Thursday, August 7, 2008

Buffy #17 & Fray

I'll admit that I was a little tiny bit apprehensive about the Buffyverse colliding with Frayland. First off, the time travel bugaboo. It can be the whole' jumping the shark' can of worms, and no one wants to see that, right? But I'm a loyal fan, and nothing if not open minded (except with Republicans...with them I'm as closed as a steel trap left out in the rain and rusted shut), so I gently went into that storyline hoping for the best.
Issue 16 was good, a proper set up for what's to follow, with lots of stuff happening. But it's 17 that blows you away. Gotta say that I'm just lovin' the cover art by Jo Chen. Guys at Dark Horse (and you are mostly guys there): DO NOT LET HER GET AWAY!!! Her cover for the final episode in the Faith arc, No Future For You, should win awards and stuff. Her cover for the current issue is equally as brilliant. The twist on perspective perfectly reflects what is going on in the pages inside.
Oddly, I'm not going to give a lot away in this post, unlike usually when I just spill all of the beans and then make bean soup. No, instead I'm going to encourage everyone to go out and buy the comic, and then find someplace, here even, to go and obsessively discuss it.
One other thing: I finally got the Fray series and read the entire thing, just so that I could be fully caught up on Frayland. When it first came out in serial form I'd read maybe one or two issues, but I was dedicated to it, so there were huge gaps in my knowledge of what happened with Mel and why. It's not essential that you read Fray to keep up with what's happening in the Buffy arc, but it helps to know what happened to her twin brother and the price Mel has had to pay to be a slayer.
I even let MK read my copy of Fray, but she had to promise to be extry tender with it. I want it to stay in pristine condition, so we handle it with surgical gloves and I don't smoke around it. Now that's dedication, or just garden variety obsession. One or the other, but never both.
Anyone have any thoughts on Willow? Anyone?

2 comments:

Anonymous said...

Along with others that have mentioned the same thing around the web, I initially thought that the 'madwoman' was Dru. Best madwoman of the Buffy cast, btw.
I didn't feel betrayed when it was revealed to be Dark Willow, but it did make me start to question so many motivating factors in the evolution of Willow. Willow does have a softer side of Sears, but she's got an underlying darkness and nastiness that she usually doesn't reveal. Where Cordy was obvious in her thoughts, words, and actions, Willow has always been quieter.
So, why the Dark old Willow? Mad in a distant future? Disappointed by love? Long life? Not enough of the spotlight?

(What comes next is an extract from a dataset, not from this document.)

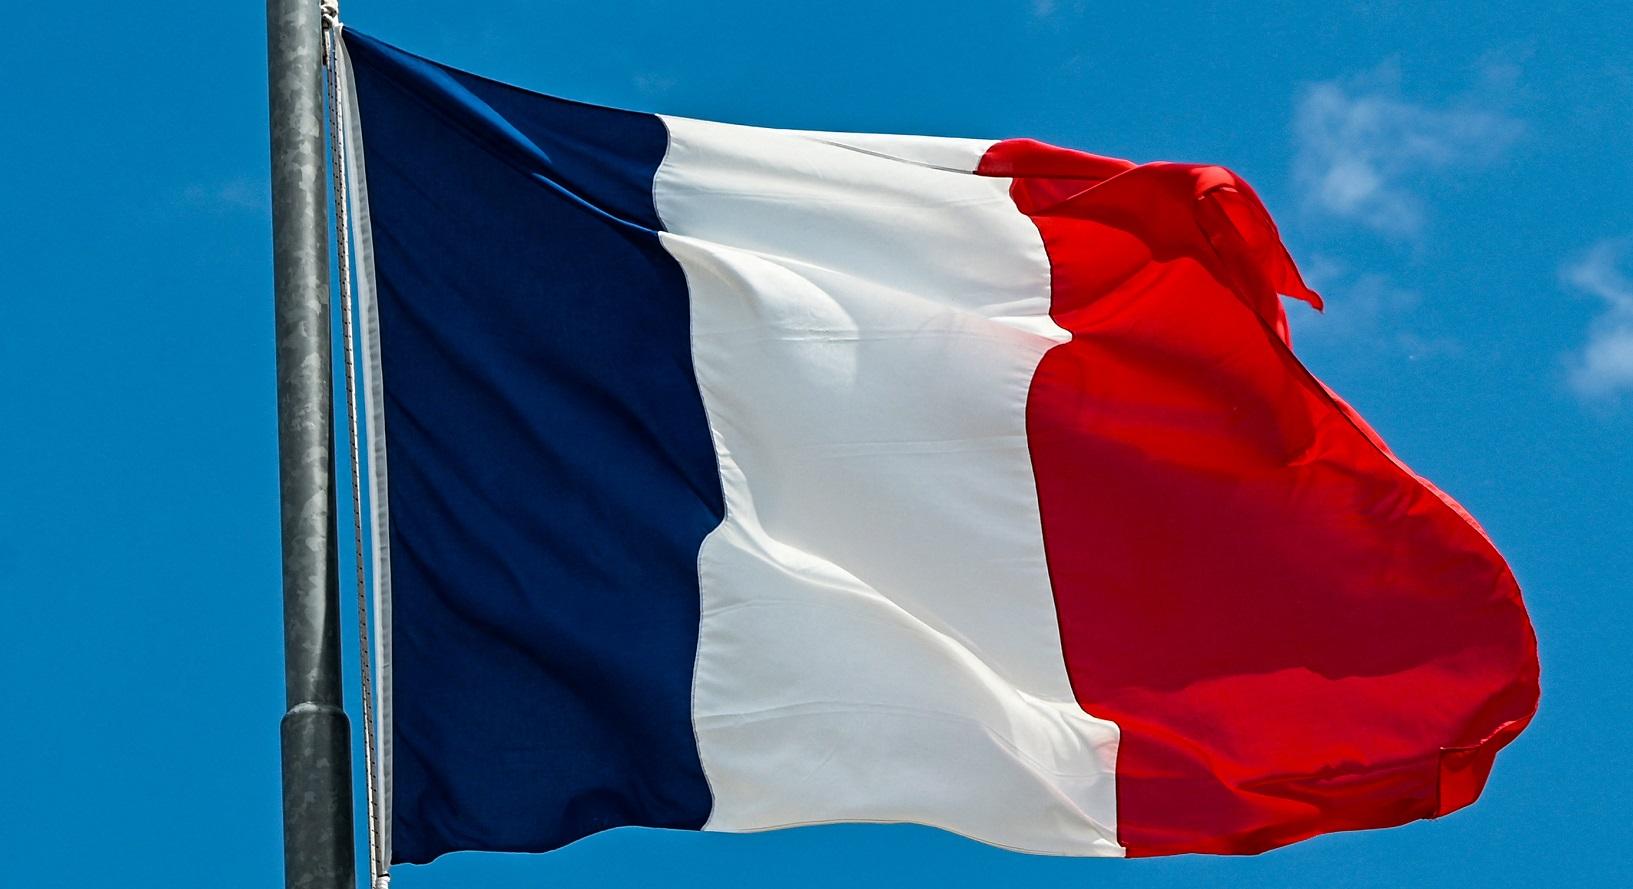 Prancis ditambahkan ke daftar merah efektif 10 Desember 2021 GMA News Online

jennifer from pittsburgh said...

I think that Willow is something of a cautionary tale, what we can become if we got all we wished for. Bear with me: The powerless attains epic power. In her own mind, within that dangerous inner dialog that we all endure nonstop (even while sleeping, but then we call it dreaming), she is able to justify willful (I'm having an unZen moment) actions that have resonating effects that can't even be imagined.
It's why Willow has become the Mad Woman, and out crazied even Dru in the Buffyverse. No small feat, that one. I still keep a blindfolded baby doll because that whole concept with Dru just fascinated me, and can mean almost anything about how ugly the world is.
But, back to Willow - Dark Willow is actually the personification of will. And given that her nickname is 'Will', I think that this was always intended by Joss. She's a wonderfully sympathetic character, embraced by nerdy fans from day one. But if the less than idyll ideal of absolute power corrupting absolutely is to be realized, then Willow becomes corrupt, ergo 'evil', by her power. Did we really believe that once she tapped into that black wellspring of power that she would just retreat quietly back to her plaid jumpers and brick red Mary Janes?
I anxiously await the rest of this arc!